**Dataset section**
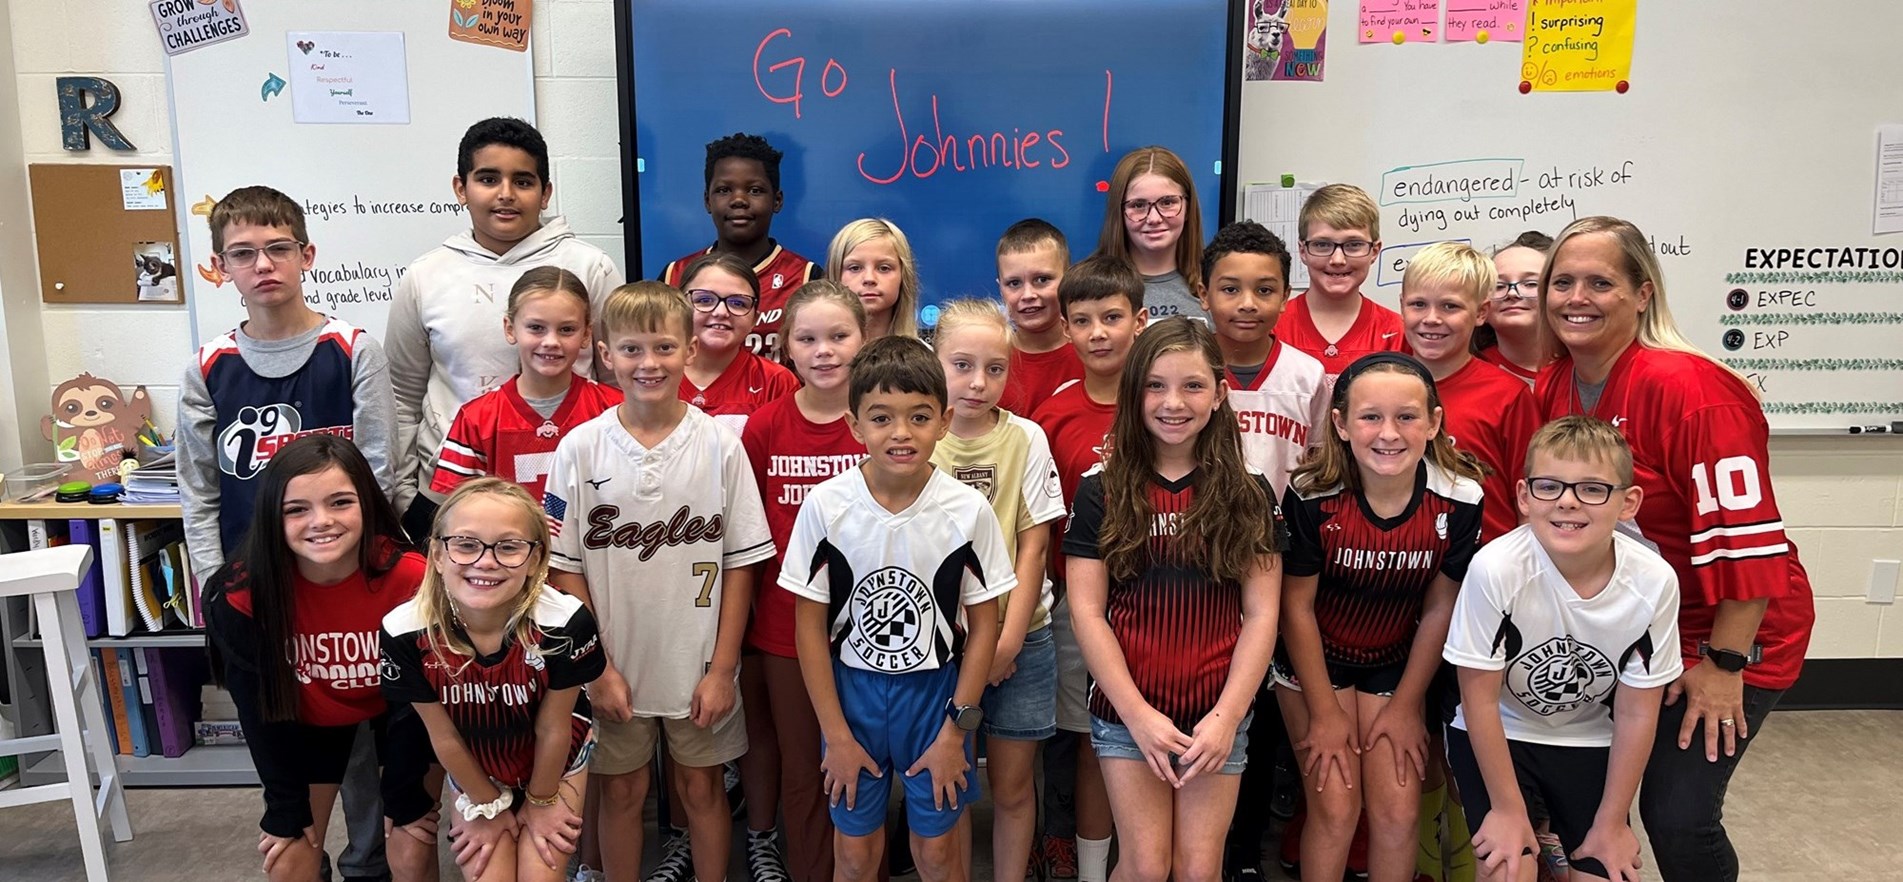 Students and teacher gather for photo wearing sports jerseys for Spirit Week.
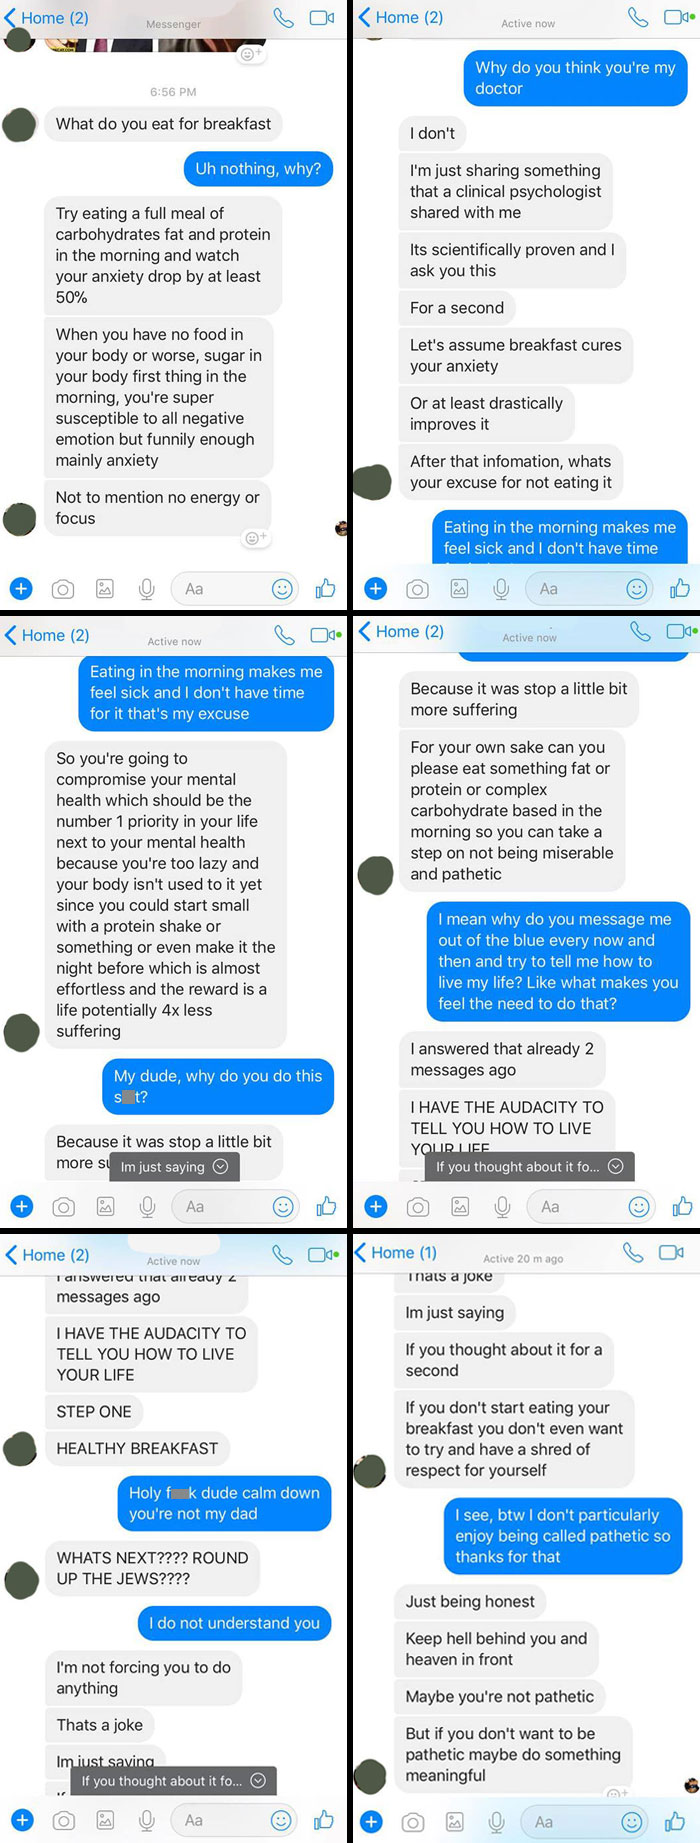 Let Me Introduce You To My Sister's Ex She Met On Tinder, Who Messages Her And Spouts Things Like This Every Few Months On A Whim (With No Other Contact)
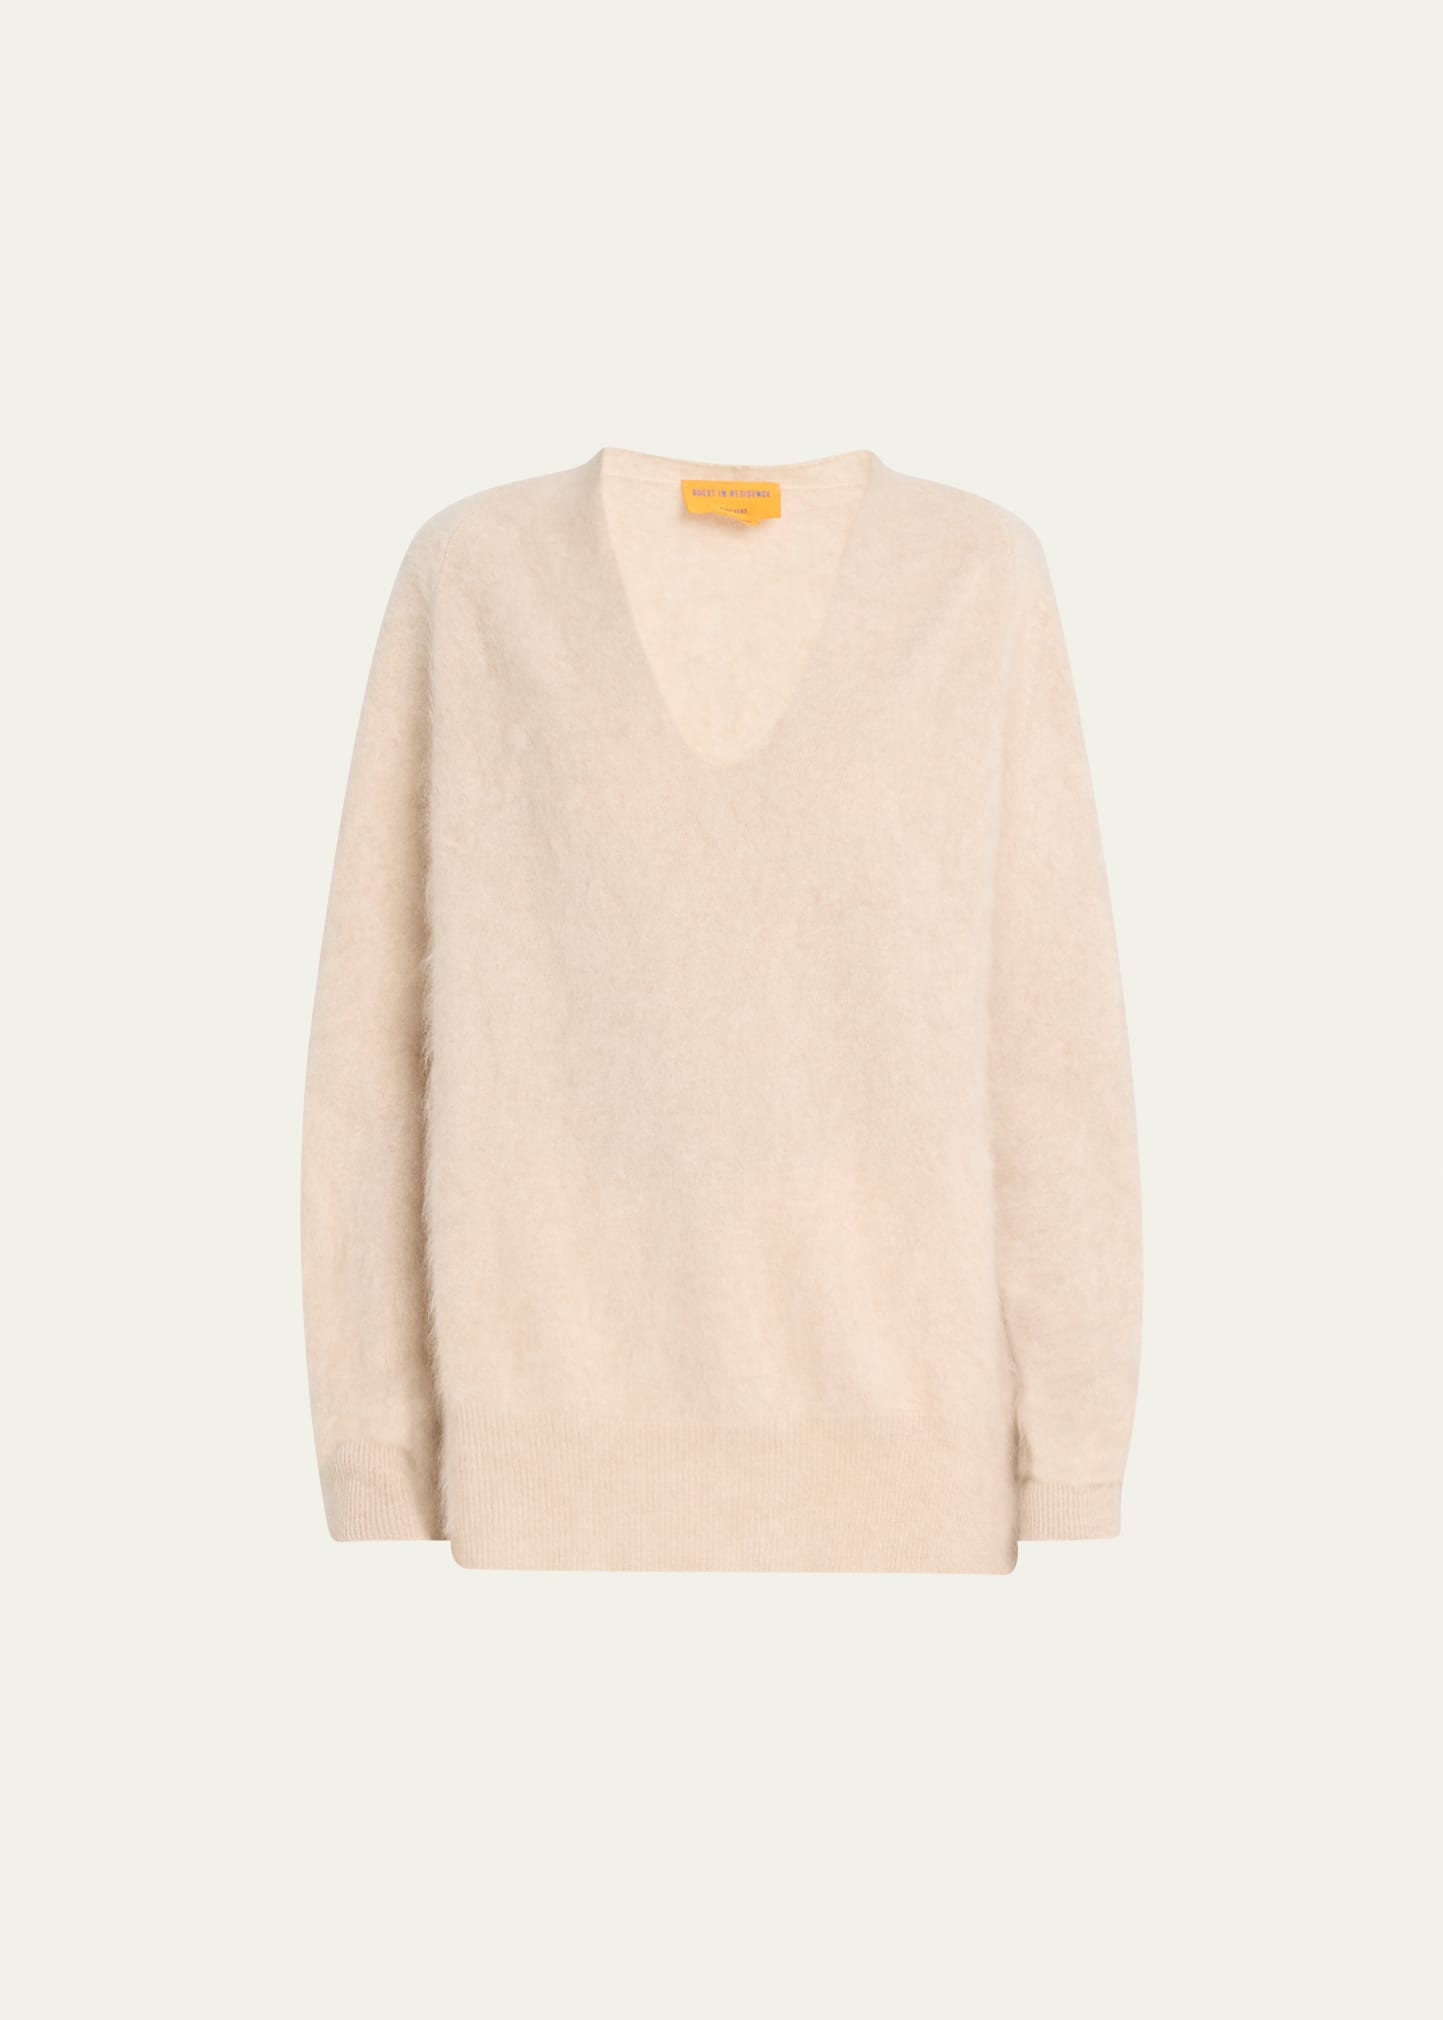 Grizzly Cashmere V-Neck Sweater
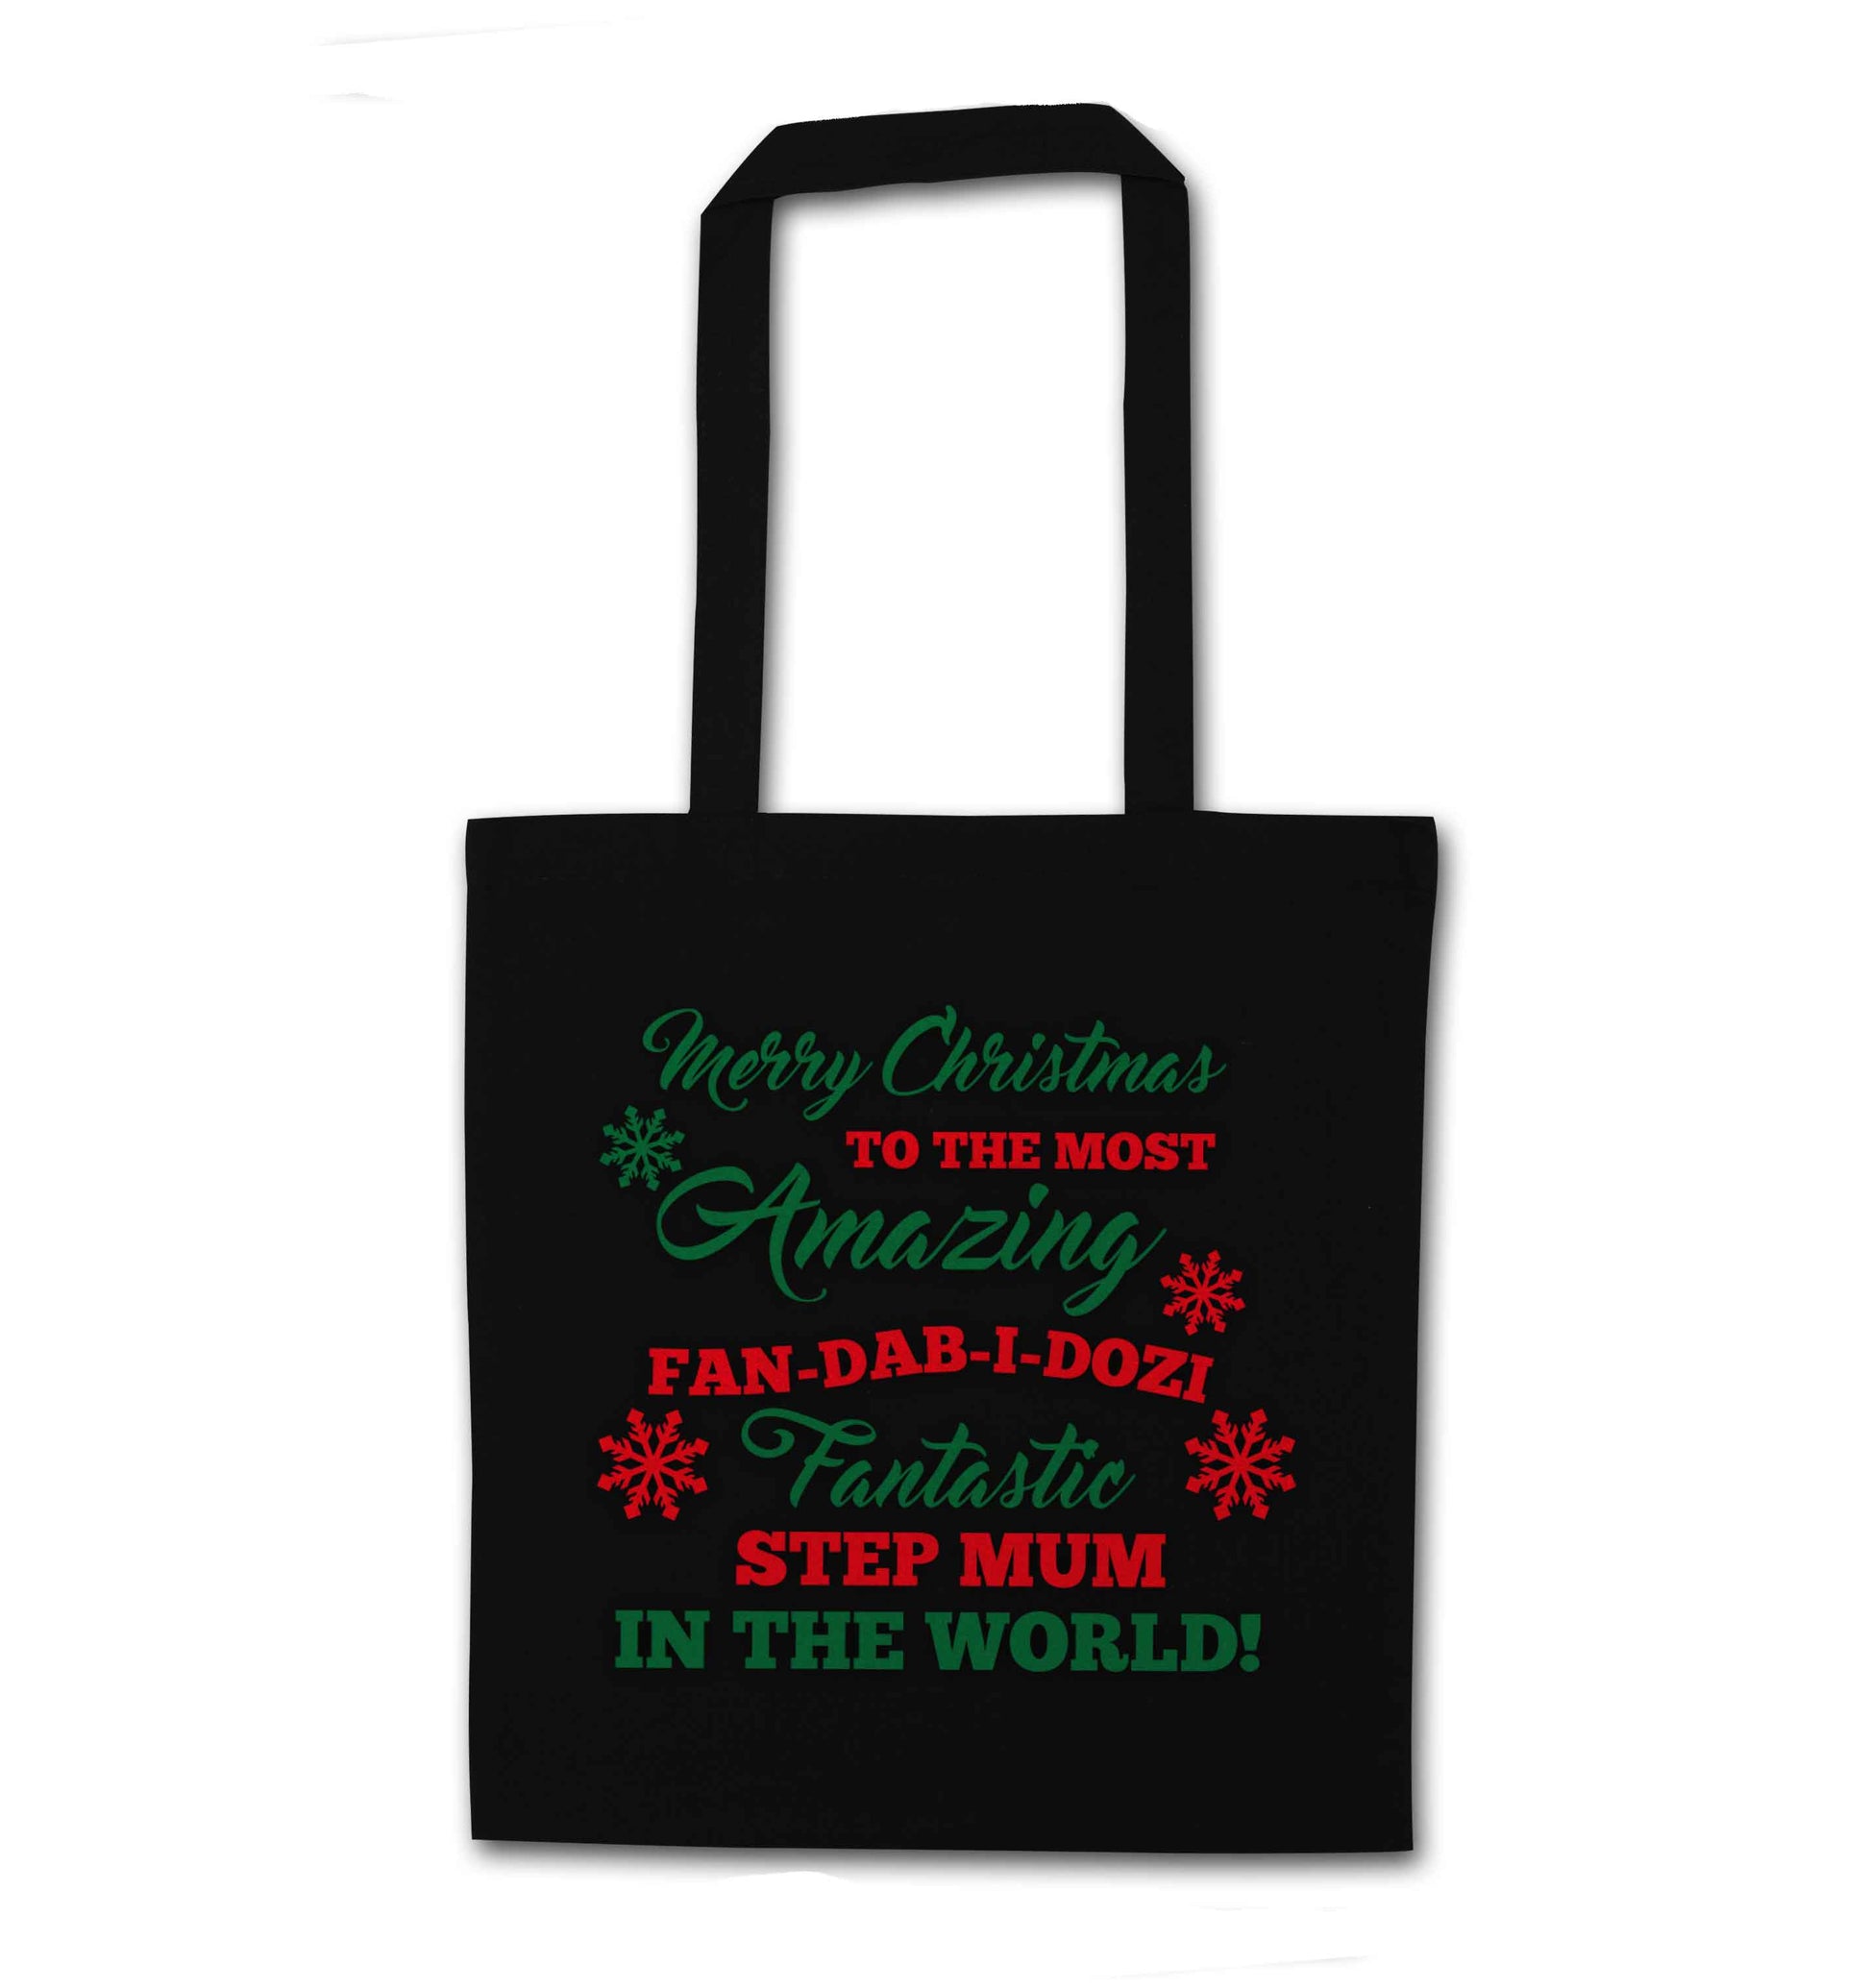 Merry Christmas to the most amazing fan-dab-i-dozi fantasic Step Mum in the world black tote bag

**Work instructions**
Skip the pictures, then return the rest of the data exactly.

**Solution to this task**
 Students and teacher gather for photo wearing sports jerseys for Spirit Week.
 Let Me Introduce You To My Sister's Ex She Met On Tinder, Who Messages Her And Spouts Things Like This Every Few Months On A Whim (With No Other Contact)
 Grizzly Cashmere V-Neck Sweater
 Merry Christmas to the most amazing fan-dab-i-dozi fantasic Step Mum in the world black tote bag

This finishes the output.